In one of the memoir’s most powerful sections, Swerdloff volunteers at a rape crisis center, sharing his story of transformation with survivors of sexual assault. These gut-wrenching encounters force him to confront the true impact of his misdeeds and galvanize his commitment to being an ally and advocate for women. Swerdloff is unsparing in his self-assessment, acknowledging how deeply he has been conditioned to derive arousal from the degradation of women: “I wanted my body to change in response to the way my mind was, but that’s not what happened, at least not at that point. At times, I would feel rage at my own body for its reaction to hearing tragic and brutal violent experiences.”
While Swerdloff’s prose occasionally feels raw and unpolished, these stylistic choices ultimately serve to underscore the intensity of his emotional journey and lend his story a sense of urgency and authenticity. The rough edges of his language might be seen as a reflection of the unfinished nature of the work he is calling us to do: the lifelong task of untangling ourselves from the twisted values of patriarchy. There is an immediacy to Swerdloff’s voice that mirrors the messy, nonlinear process of personal transformation, as when he describes his reaction to a transformative spiritual experience: “I felt confused and disoriented, and this little drip from my nostrils continued.”
Moreover, while some readers may crave more detail about certain aspects of Swerdloff’s journey, such as his spiritual awakening under the guidance of the enigmatic healer Betsy, the brevity of these passages suggests that this is not meant to be a prescriptive “how-to” guide but rather a call to action, an invitation for each reader to undertake their own journey of self-discovery.

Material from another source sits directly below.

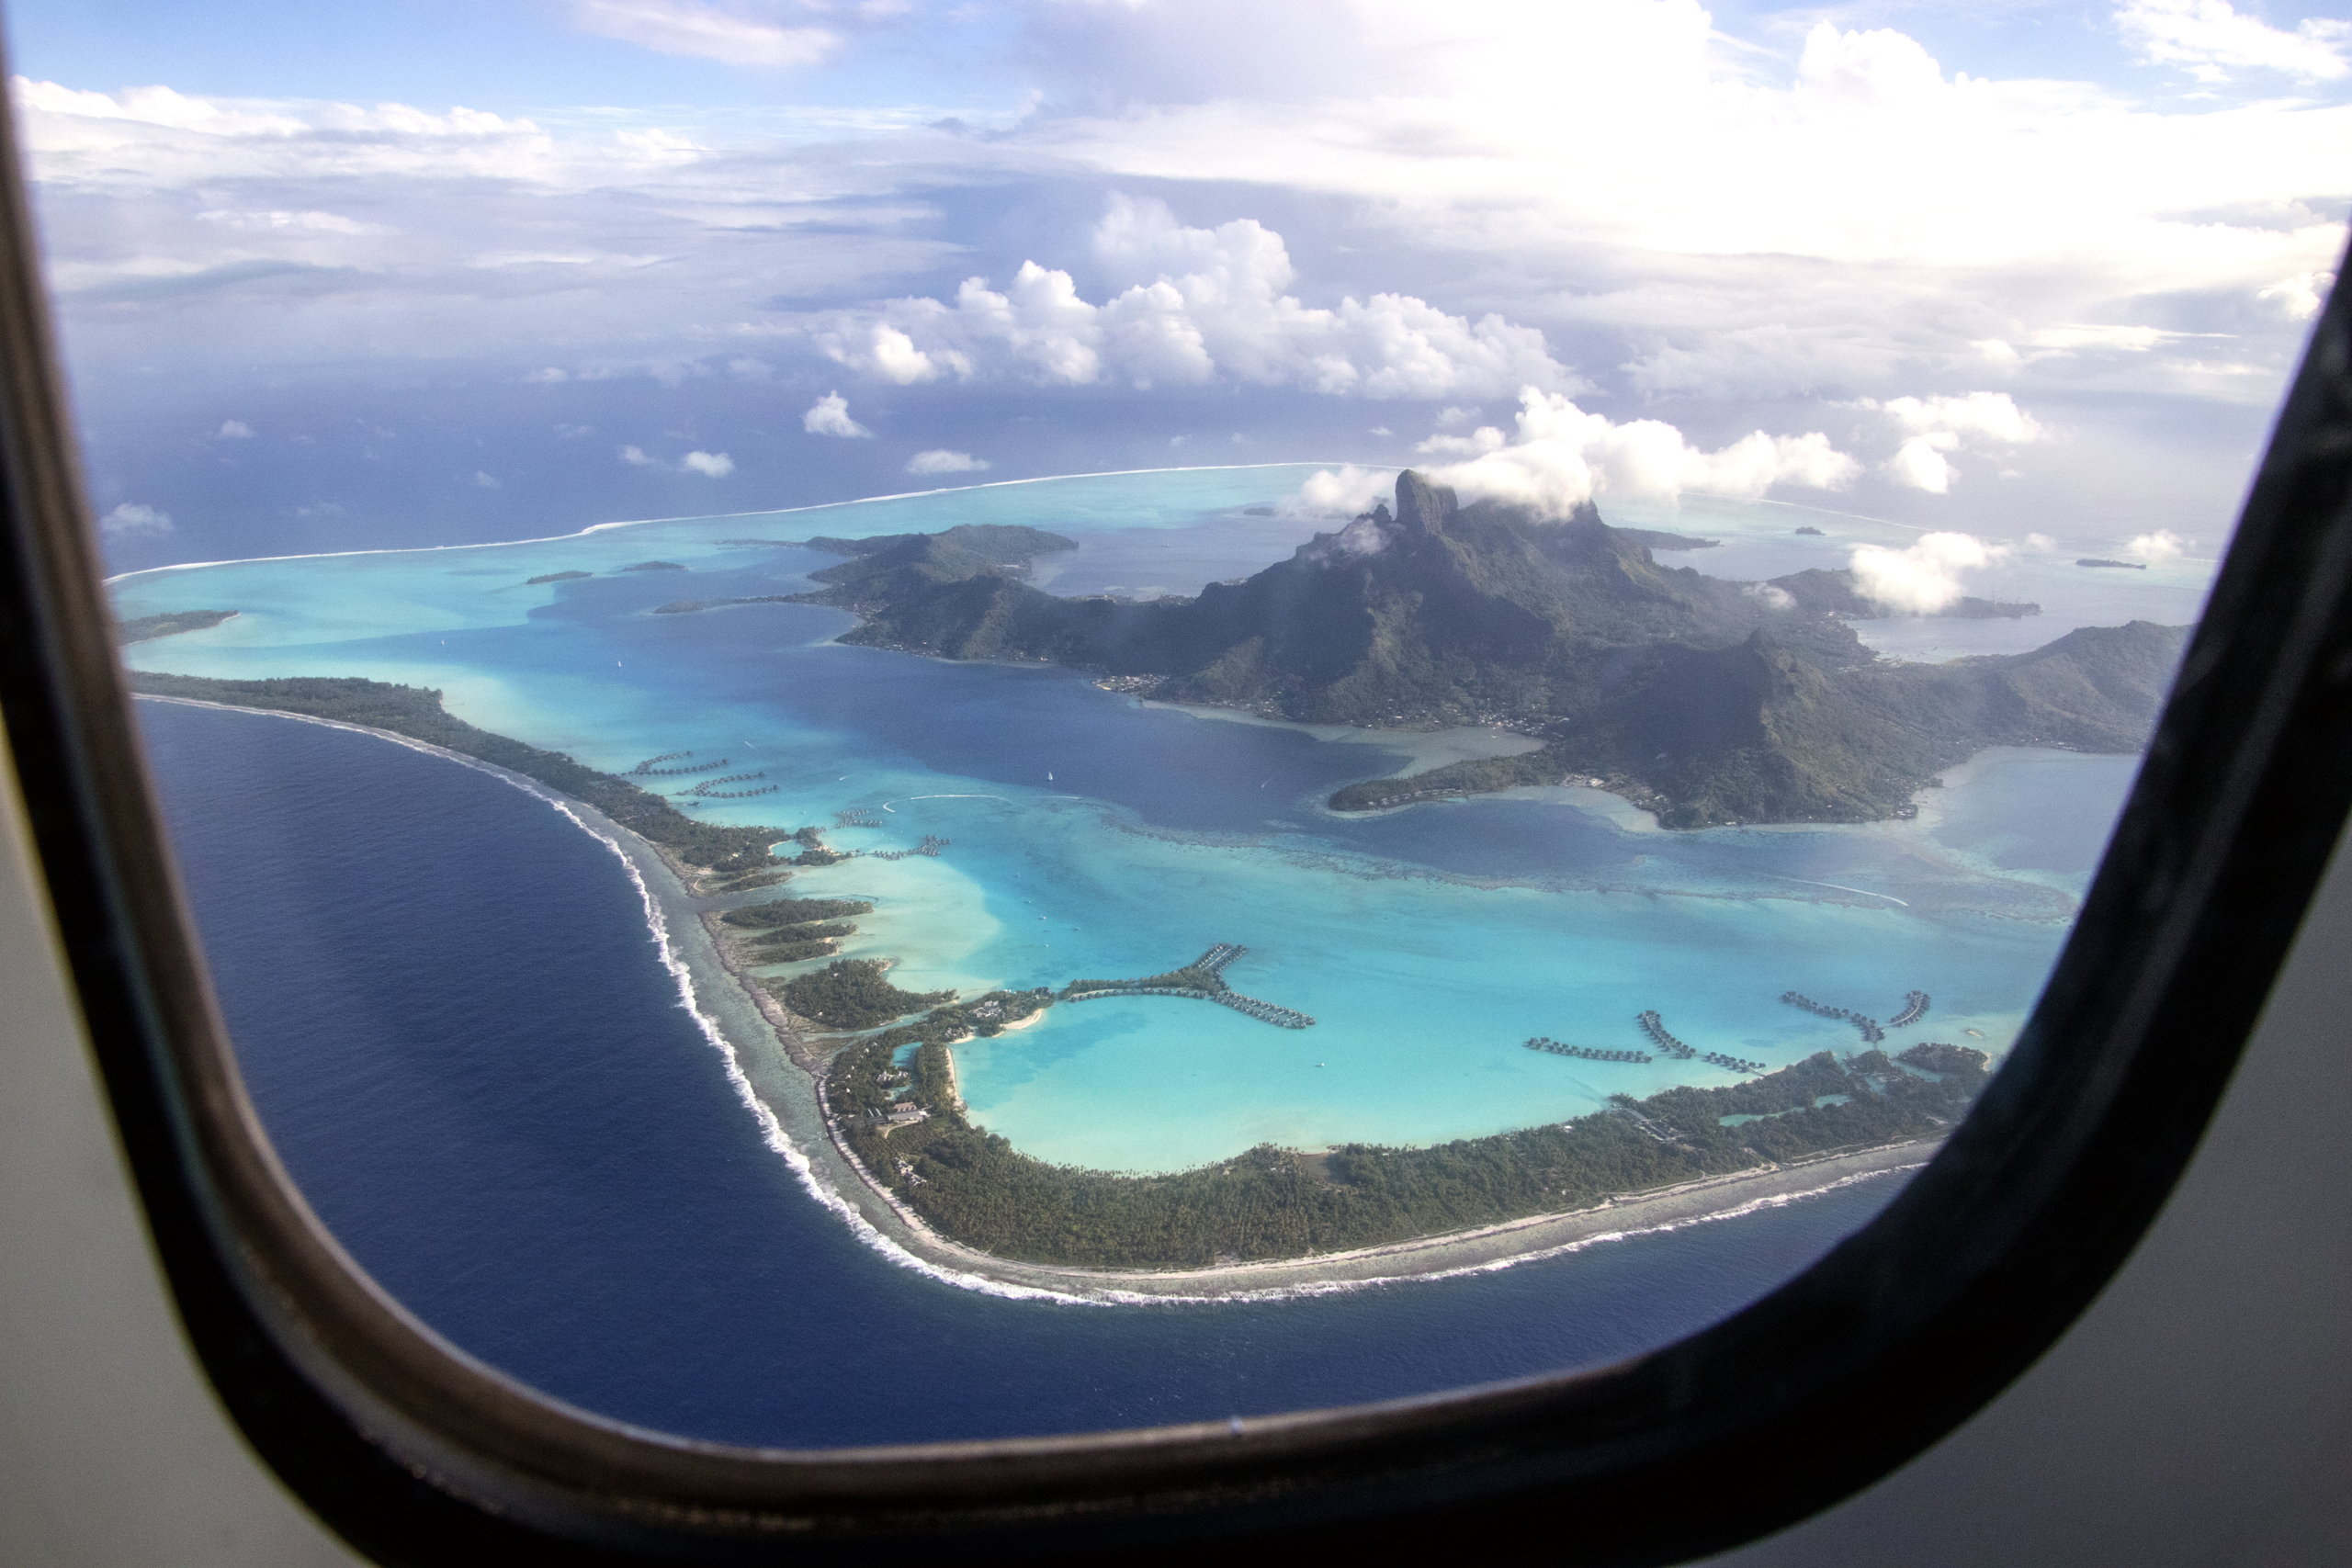 Bora Bora through the window

As Swerdloff himself notes, “Like everything else on the spiritual awareness and development journey, we always return to the same thing, be present and pay attention. Your Higher Self will instruct you on what to do with that information when you pay attention while present.”
Indeed, the power of RAISED BY WOLVES lies not in its literary polish but in the raw courage of Swerdloff’s self-interrogation and the urgency of his message. In laying bare his own struggles and transformations, Swerdloff invites us to confront the ways in which we have all been shaped by a culture of toxic masculinity—and to imagine a different way of being in the world. “The women in our lives need us to be more than our shame, self-hatred, and violence,” he writes. “They need us to step out of our pain, trauma, and numbness and step into being the men we were born to be before toxic masculinity squashed it out of us.” The unvarnished quality of his writing serves to underscore the book’s central theme: that the work of unmaking patriarchy’s harms is a raw, messy, and essential endeavor—one that requires us to confront uncomfortable truths about ourselves and our society.
RAISED BY WOLVES, POSSIBLY MONSTERS is a challenging, often uncomfortable read, but its fundamental compassion and hard-won insights make it a vital addition to the literature on toxic masculinity. Swerdloff’s story offers hope that even the most deformed spirits can be renewed, and that the cycle of abuse can be broken one transformed heart at a time.
Raw, compassionate, and perceptive, Michael Swerdloff’s memoir RAISED BY WOLVES, POSSIBLY MONSTERS is a vital excavation of toxic masculinity’s rot—and an urgent call for individual and cultural transformation.